We have \(\frac{d y}{d x}=1-\frac{1}{x^{2}}\) or \(y=x+\frac{1}{x}+C\)

Short Answer

Expert verified
The proposed solution satisfies the differential equation.

Step by step solution

01

Understand the Problem

We are given a differential equation \( \frac{dy}{dx} = 1 - \frac{1}{x^2} \) and a proposed solution \( y = x + \frac{1}{x} + C \), where \( C \) is a constant. We need to verify if the proposed solution satisfies the differential equation.
02

Differentiate the Proposed Solution

Differentiate the given solution \( y = x + \frac{1}{x} + C \) with respect to \( x \).
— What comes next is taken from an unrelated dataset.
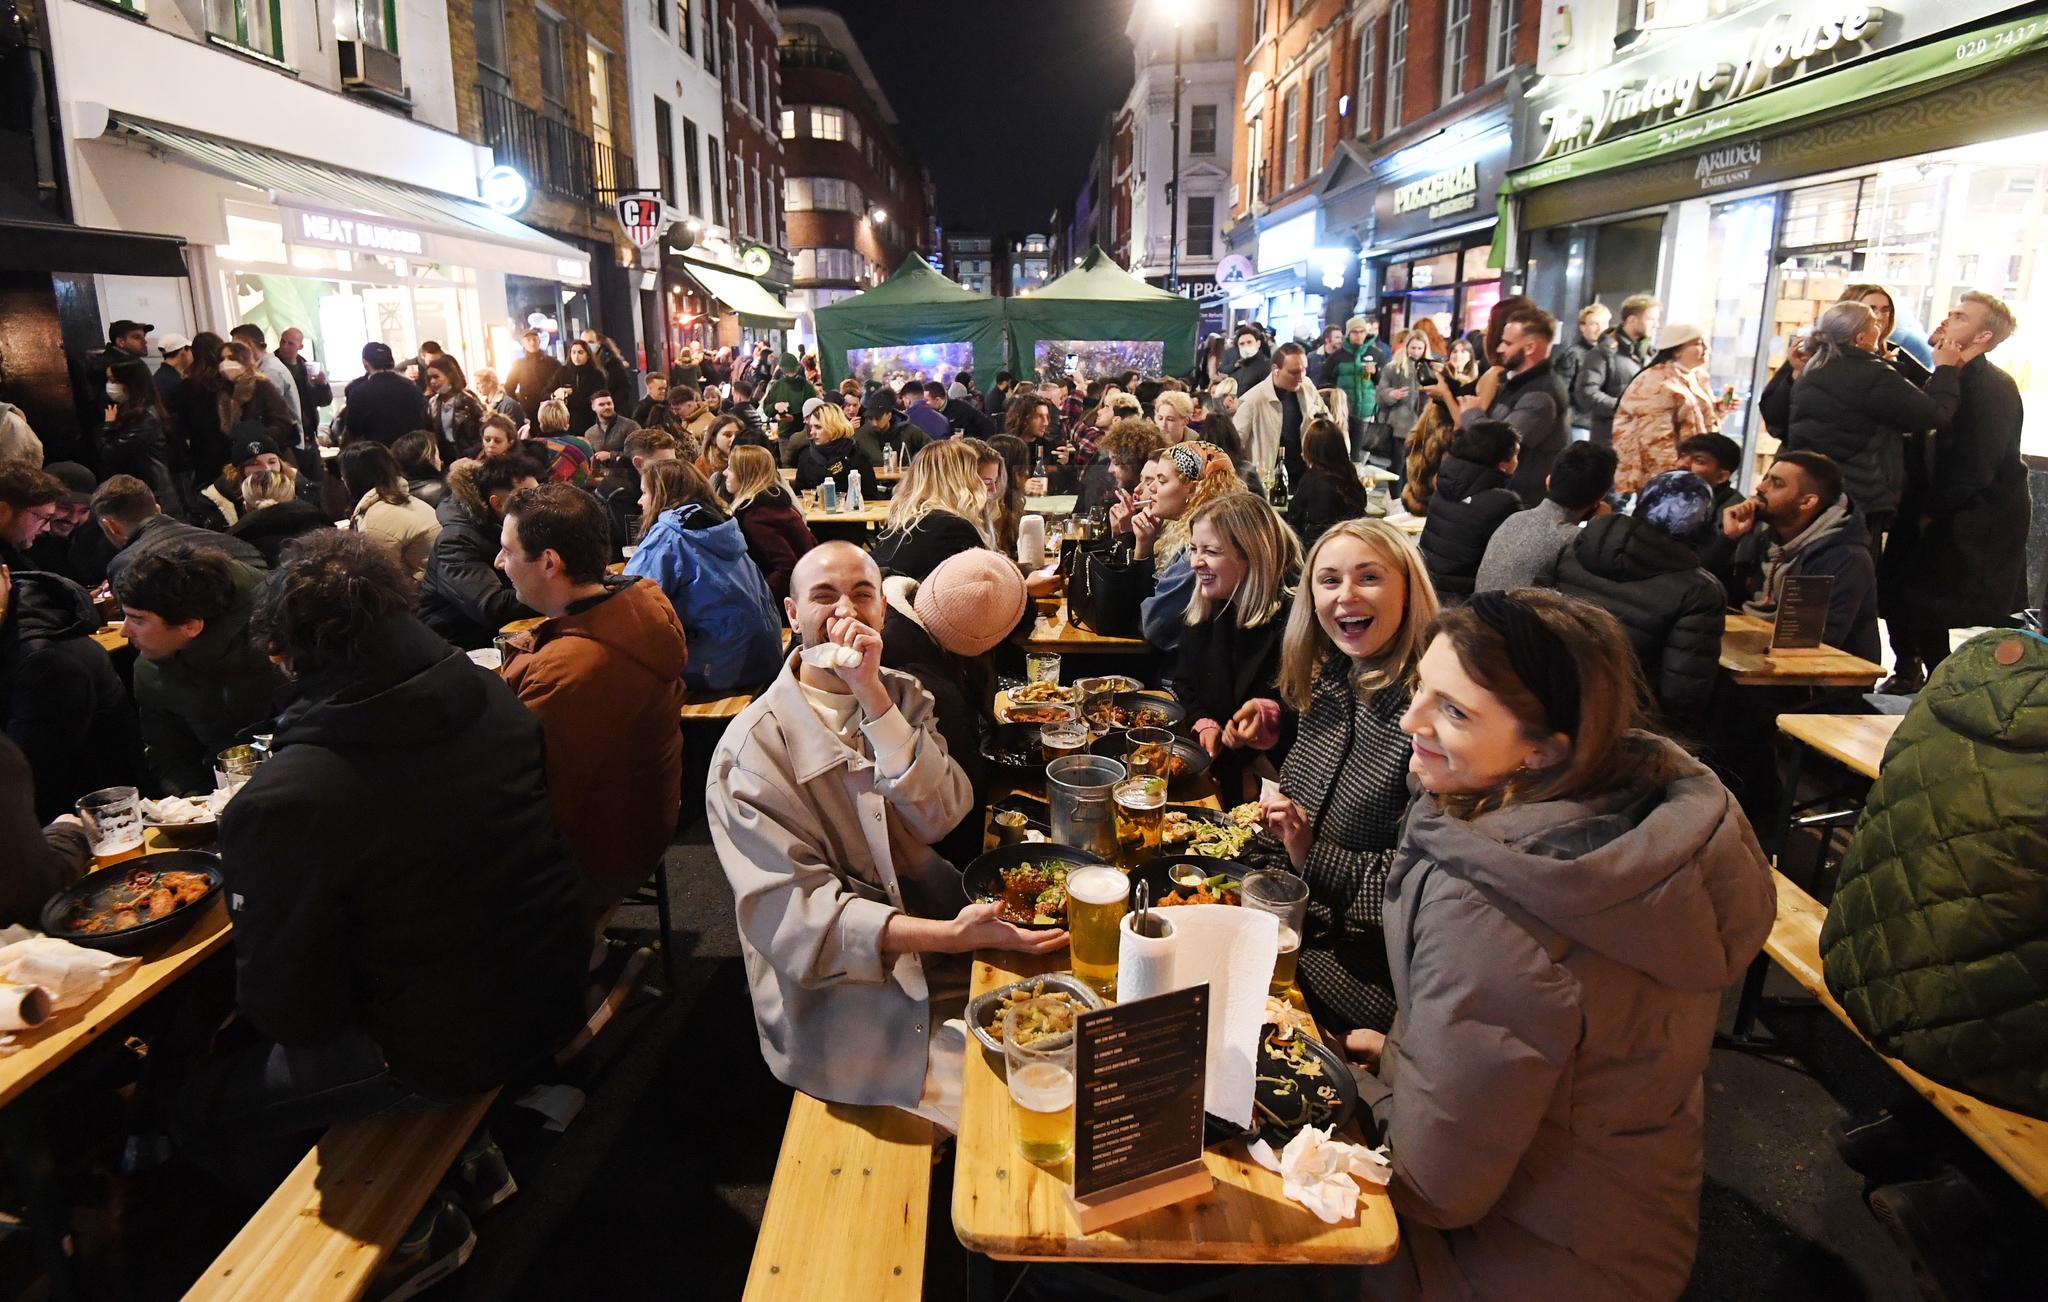 영국 런던 시민들이 12일(현지시간) 소호거리의 야외 식당에서 음식을 먹고 술을 마시고 있다. 영국은 이날부터 코로나 19 방역을 위한 봉쇄조치를 완화해 야외 업소들이 일제히 영업을 재개했다. EPA=연합뉴스

The derivative of \( x \) is 1, the derivative of \( \frac{1}{x} \) is \( -\frac{1}{x^2} \), and \( C \) being a constant has a derivative of 0. Therefore, \( \frac{dy}{dx} = 1 - \frac{1}{x^2} \).
03

Verify the Solution

Compare the computed derivative \( \frac{dy}{dx} = 1 - \frac{1}{x^2} \) from Step 2 to the original differential equation \( \frac{dy}{dx} = 1 - \frac{1}{x^2} \). Since both expressions are identical, the proposed solution \( y = x + \frac{1}{x} + C \) satisfies the differential equation.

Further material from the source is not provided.